══ Source information
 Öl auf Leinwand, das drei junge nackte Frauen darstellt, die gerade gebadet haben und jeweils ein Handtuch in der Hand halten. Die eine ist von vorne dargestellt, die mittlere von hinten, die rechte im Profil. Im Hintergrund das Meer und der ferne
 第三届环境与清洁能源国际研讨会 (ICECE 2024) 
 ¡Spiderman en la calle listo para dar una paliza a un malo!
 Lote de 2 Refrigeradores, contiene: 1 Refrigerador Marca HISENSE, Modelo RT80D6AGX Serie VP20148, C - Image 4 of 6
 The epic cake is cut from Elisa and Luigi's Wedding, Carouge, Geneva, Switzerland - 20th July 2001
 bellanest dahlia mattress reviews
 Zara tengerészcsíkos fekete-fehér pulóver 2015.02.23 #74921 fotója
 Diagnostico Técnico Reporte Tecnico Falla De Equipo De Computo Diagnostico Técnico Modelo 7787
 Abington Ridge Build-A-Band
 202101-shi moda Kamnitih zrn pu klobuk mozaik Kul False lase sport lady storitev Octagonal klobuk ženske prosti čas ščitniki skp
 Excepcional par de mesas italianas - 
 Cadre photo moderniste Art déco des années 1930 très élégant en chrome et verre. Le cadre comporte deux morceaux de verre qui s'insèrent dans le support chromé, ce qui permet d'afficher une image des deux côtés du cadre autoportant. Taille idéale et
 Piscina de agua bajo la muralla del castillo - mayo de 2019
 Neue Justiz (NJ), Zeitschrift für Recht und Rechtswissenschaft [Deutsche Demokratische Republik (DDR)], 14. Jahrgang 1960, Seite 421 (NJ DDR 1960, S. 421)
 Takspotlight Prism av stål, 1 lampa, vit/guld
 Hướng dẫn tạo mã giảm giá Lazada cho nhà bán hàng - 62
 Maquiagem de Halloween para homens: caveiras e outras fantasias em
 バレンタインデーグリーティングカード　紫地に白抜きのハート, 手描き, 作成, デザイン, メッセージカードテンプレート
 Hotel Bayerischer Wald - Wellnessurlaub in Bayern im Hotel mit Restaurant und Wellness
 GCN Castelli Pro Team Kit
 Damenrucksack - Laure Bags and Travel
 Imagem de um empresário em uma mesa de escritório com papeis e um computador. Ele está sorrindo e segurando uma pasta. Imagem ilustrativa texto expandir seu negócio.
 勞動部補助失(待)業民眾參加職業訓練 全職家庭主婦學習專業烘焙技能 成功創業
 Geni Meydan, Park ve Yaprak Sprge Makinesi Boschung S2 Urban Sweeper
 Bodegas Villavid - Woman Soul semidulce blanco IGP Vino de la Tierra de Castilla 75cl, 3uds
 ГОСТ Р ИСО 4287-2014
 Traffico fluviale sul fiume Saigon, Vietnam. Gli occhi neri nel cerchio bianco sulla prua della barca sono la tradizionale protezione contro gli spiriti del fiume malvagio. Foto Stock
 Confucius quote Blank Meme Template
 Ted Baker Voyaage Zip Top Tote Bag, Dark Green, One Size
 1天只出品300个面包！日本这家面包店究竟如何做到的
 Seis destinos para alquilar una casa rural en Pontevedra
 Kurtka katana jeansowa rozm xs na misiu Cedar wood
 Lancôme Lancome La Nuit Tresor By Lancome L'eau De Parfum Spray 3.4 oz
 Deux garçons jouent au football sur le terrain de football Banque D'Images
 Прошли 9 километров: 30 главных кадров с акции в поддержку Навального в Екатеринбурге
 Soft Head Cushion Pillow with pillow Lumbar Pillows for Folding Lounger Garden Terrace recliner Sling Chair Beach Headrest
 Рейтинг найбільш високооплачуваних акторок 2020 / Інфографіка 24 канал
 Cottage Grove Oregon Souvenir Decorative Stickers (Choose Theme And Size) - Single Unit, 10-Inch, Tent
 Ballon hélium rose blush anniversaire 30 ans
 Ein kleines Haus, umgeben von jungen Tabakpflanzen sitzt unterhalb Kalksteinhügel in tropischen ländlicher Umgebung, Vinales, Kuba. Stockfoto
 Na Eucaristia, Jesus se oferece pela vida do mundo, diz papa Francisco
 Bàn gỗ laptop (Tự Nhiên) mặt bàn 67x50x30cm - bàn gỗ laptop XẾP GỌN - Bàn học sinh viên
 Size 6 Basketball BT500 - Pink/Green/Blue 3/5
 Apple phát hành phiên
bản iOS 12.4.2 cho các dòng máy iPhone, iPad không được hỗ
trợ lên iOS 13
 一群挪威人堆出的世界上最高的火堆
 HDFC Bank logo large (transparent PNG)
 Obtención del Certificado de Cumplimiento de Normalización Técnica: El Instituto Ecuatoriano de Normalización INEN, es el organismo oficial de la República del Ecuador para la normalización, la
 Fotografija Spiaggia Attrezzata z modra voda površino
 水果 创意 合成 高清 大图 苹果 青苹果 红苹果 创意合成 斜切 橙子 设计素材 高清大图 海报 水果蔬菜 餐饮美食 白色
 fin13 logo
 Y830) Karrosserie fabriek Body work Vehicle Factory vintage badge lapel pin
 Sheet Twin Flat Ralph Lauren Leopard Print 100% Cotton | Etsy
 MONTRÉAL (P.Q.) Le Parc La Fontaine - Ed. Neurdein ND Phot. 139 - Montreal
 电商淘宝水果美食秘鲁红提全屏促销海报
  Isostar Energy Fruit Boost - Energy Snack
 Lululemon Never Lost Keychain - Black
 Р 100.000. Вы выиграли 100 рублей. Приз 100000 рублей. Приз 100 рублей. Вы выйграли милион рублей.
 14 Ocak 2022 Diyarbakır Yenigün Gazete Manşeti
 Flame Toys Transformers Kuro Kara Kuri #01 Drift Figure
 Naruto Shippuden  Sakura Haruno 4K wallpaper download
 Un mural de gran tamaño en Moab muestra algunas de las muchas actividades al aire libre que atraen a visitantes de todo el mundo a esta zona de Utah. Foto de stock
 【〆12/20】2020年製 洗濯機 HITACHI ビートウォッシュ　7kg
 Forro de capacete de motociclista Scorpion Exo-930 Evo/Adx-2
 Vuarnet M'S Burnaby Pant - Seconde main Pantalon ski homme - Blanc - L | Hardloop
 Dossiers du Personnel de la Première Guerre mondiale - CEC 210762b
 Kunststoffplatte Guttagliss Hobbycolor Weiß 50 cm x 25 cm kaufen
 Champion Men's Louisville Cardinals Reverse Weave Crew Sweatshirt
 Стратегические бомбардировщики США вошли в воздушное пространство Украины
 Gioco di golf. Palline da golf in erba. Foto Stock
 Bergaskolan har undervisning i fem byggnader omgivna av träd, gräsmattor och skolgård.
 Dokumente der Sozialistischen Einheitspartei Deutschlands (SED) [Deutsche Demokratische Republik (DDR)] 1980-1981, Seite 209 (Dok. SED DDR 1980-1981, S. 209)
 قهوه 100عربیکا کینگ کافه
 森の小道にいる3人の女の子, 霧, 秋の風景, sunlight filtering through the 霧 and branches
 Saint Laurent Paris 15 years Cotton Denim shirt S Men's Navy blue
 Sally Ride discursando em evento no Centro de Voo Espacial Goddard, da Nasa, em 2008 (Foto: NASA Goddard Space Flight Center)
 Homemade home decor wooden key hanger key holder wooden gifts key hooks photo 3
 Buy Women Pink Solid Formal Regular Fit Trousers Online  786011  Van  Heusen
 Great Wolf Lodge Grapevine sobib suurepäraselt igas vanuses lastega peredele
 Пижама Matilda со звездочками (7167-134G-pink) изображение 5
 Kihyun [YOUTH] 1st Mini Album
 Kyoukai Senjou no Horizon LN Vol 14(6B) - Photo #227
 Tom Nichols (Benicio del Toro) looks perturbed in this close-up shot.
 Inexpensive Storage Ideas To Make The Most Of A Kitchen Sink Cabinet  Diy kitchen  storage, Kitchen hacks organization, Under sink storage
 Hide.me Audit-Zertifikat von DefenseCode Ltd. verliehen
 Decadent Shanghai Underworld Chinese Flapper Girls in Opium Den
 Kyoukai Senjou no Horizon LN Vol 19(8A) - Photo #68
════
Set down again, word for word, the stretch of records from the line with "1天只出品300个面包！日本这家面包店究竟如何做到的" to the line with "Deux garçons jouent", both of those lines included.

## Solution below
 1天只出品300个面包！日本这家面包店究竟如何做到的
 Seis destinos para alquilar una casa rural en Pontevedra
 Kurtka katana jeansowa rozm xs na misiu Cedar wood
 Lancôme Lancome La Nuit Tresor By Lancome L'eau De Parfum Spray 3.4 oz
 Deux garçons jouent au football sur le terrain de football Banque D'Images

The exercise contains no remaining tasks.